Remote/Wilmington, DE
April 2018 – June 2025
Site Reliability Engineer: Robotics, UiPath/C#
May 2023 – June 2025
Reliability owner for 60+ production robotic process automations supporting critical operations. Drove SRE best practices across stability, observability, incident response, and toil reduction after completing JPMC’s accelerated Google SRE training pilot program with Google SRE trainers.
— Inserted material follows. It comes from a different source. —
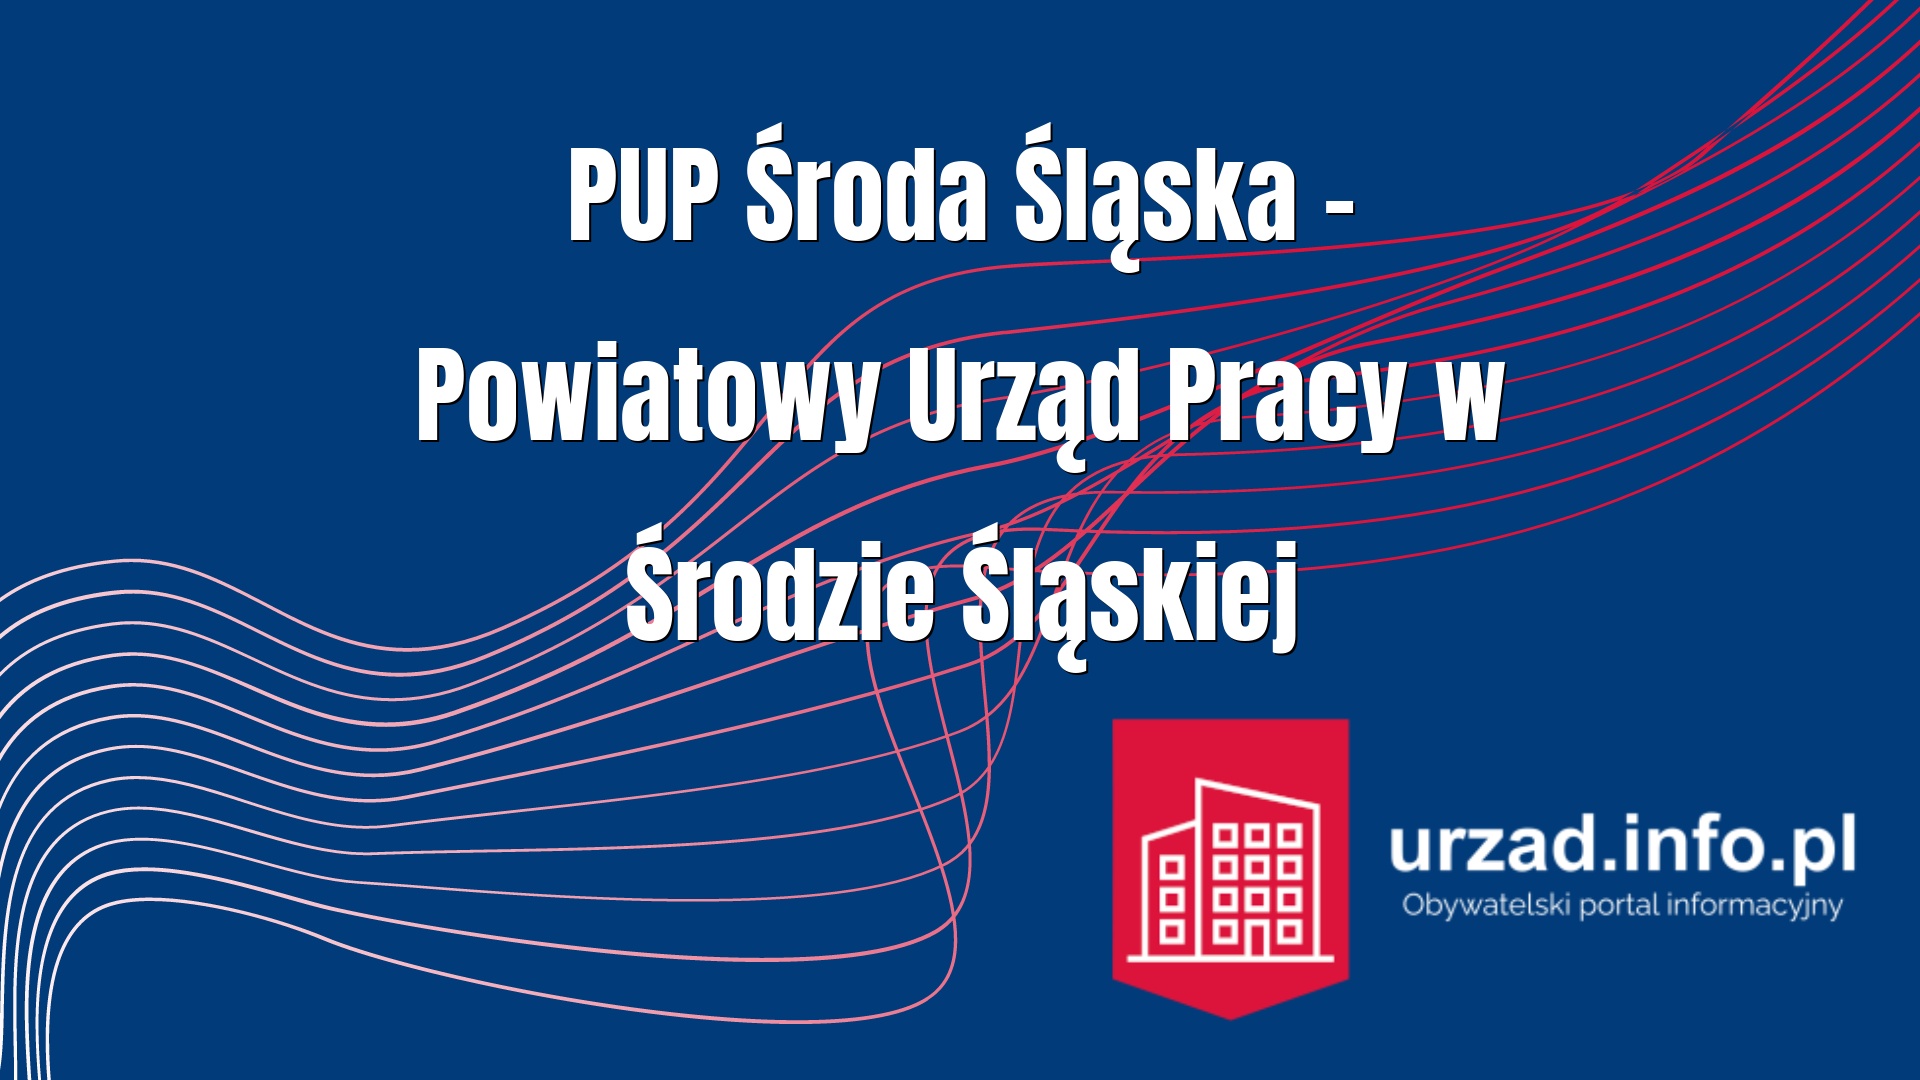 PUP Środa Śląska – Powiatowy Urząd Pracy w Środzie Śląskiej

Owned observability and monitoring strategy for the RPA platform; collaborated with SRE teams to optimize tools and workflows, reducing MTTR by 20%, improving service resiliency, and minimizing operational risk for business-critical automations.
Developed and maintained run books plus Confluence knowledge base that accelerated team onboarding by 30%, fostered blameless postmortems, and strengthened knowledge sharing to enhance incident response and reduce repeat issues.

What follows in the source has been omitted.